The decaying facade of the West Barnstable Brick Factory in 2022.
However as high as the company was riding its demise had actually been set in motion. Unhappy with the fact that brick sizes were not uniform President Herbert Hoover created a universal size for the creation of bricks in 1928. The problem with this was that West Barnstable Brick was an eighth of an inch too large and so new equipment needed to be bought. This meant that the company needed to raise prices to cover costs.
This was only the beginning of the trouble. The October 1929 Stock Market Crash ushered in the Great Depression. This immediately slowed down the need for new buildings. Higher prices to cover costs combined with lower demand for the product forced West Barnstable Brick to cease operations in the fall of 1930.
All was not lost though. Arden, the directors, and stockholders were all meeting and trying to figure out how to get the business up and running again. The venerable brick company remained closed throughout 1931. In September 1931 it appeared as though a new day was dawning. All of the surplus West Barnstable bricks had been sold, and new orders were coming in. Arden and his staff cleaned and oiled the machinery, inspected the boilers, and prepped the clay pits to resume production.
Despite battling bankruptcy plans were in place for the West Barnstable Brick Company to rise from the ashes. By 1932 it had been over fifty years that the rich blue clay had been collected to make millions of high quality bricks. Arden wanted to know just how much clay, and therefore how many years, West Barnstable Brick Company had remaining in its current location. At some point during 1932 a test hole was drilled. This determined that there was roughly fifty years worth of clay remaining. This should have put Arden at ease. Unfortunately though the test hole struck water. This created an artesian well that flooded the clay pits.

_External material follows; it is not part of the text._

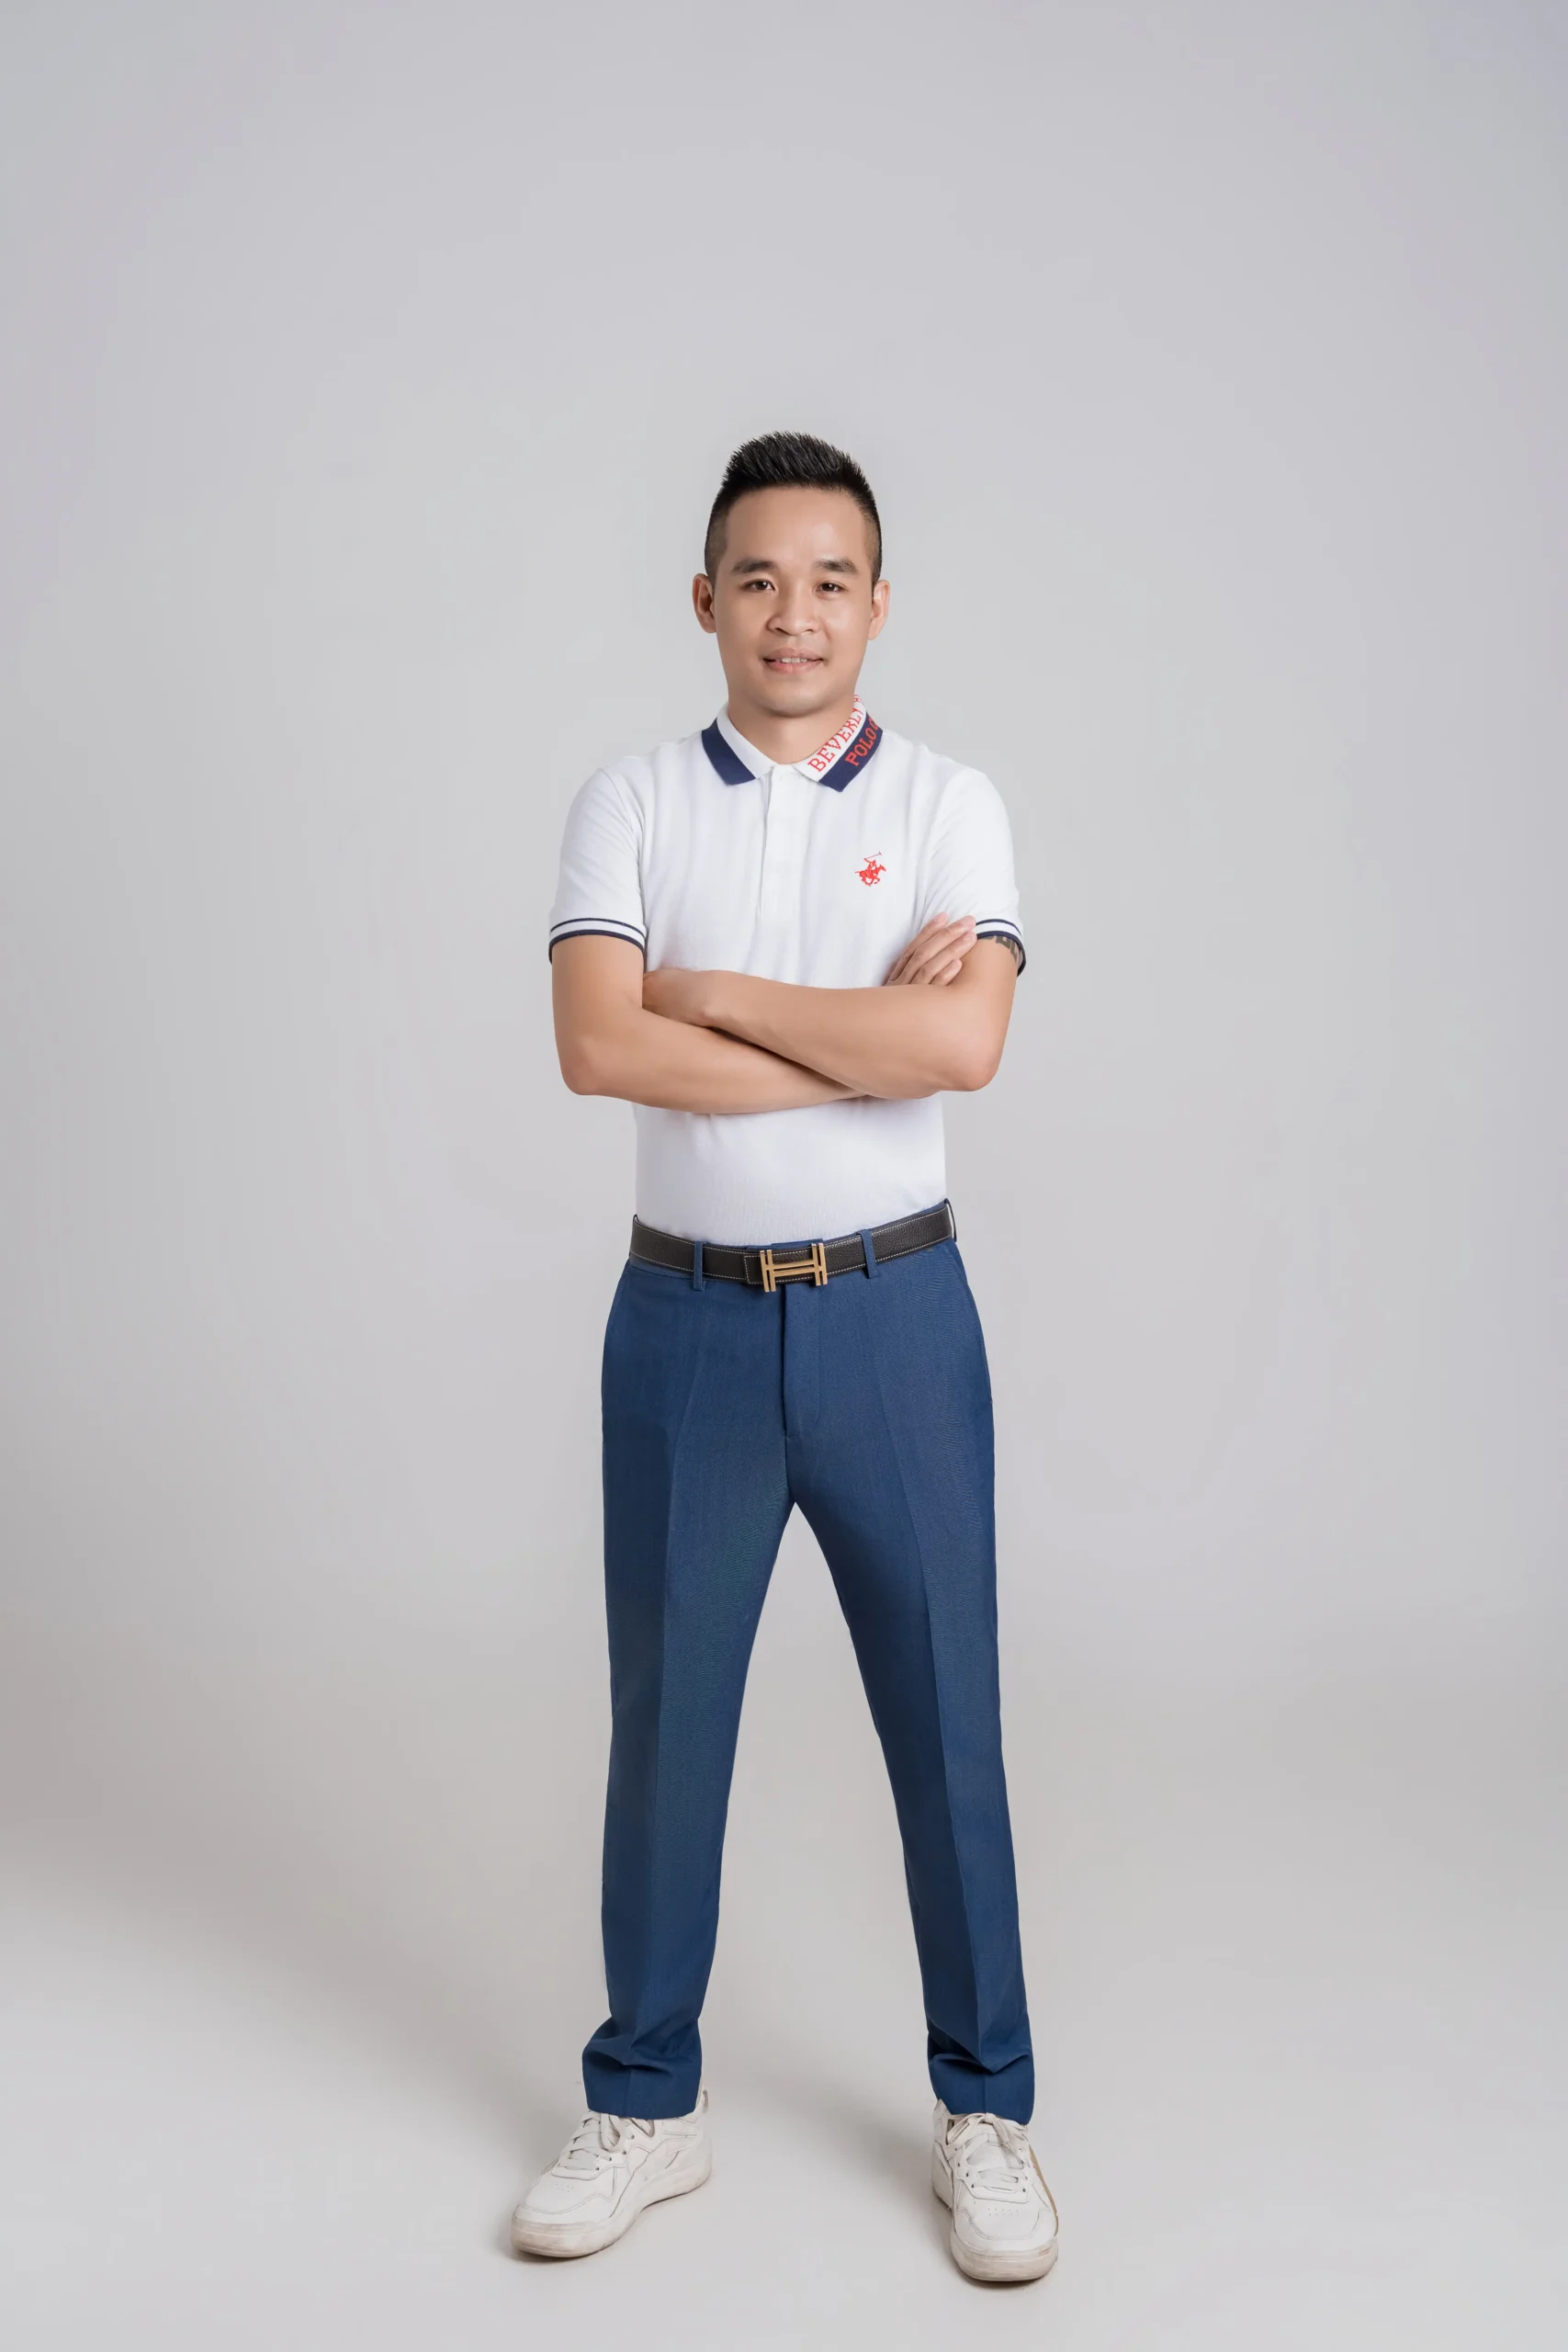 CEO Nguyễn Đức Hà

The flooded clay pits were the death knell for the company. West Barnstable Brick Company did not immediately close though. Attempts were made to figure out a way to keep going. The remainder of 1932 and into 1933 were a holding pattern. However the Great Depression did not relent. West Barnstable Brick was no more.
In the spring of 1933 West Barnstable Brick Company was sold at auction to the First National Bank of Yarmouth. In the years after the factory was stripped with parts sold off to other Cape Cod businesses while the remaining brick load would be used up. Today all the remains is part of the broken down facade of the building located a few hundred yards off of Route 6A, not far from Our Lady of Hope.
Nature has reclaimed the area where the West Barnstable Brick Company once stood.
It took more than thirty years for a new business to open on the former West Barnstable Brick property. Florence Ungerman opened The Wind-Ship Shop in July 1967 on Route 6A. The area of the property north of the railroad tracks however remained untouched. Over the nearly ninety years since the brick factory closed down nature has been reclaiming what was not removed.
Today the Orenda Wildlife Trust owns the former West Barnstable Brick Company property. It is a part of conservation land. The factory remains are overgrown and highly difficult to get to. The artesian well created a pond in addition to flooding the clay pits. There are nature trails leading behind the Orenda property but a trip to the brick factory remains in not advised.
For more than half a century the West Barnstable Brick Company was truly a giant among Cape Cod businesses. It bridged the gap from man power to steam power to electric power. Its legacy can still be felt today as authentic bricks created by the company are collector’s items and many of the buildings which used the bricks still stand.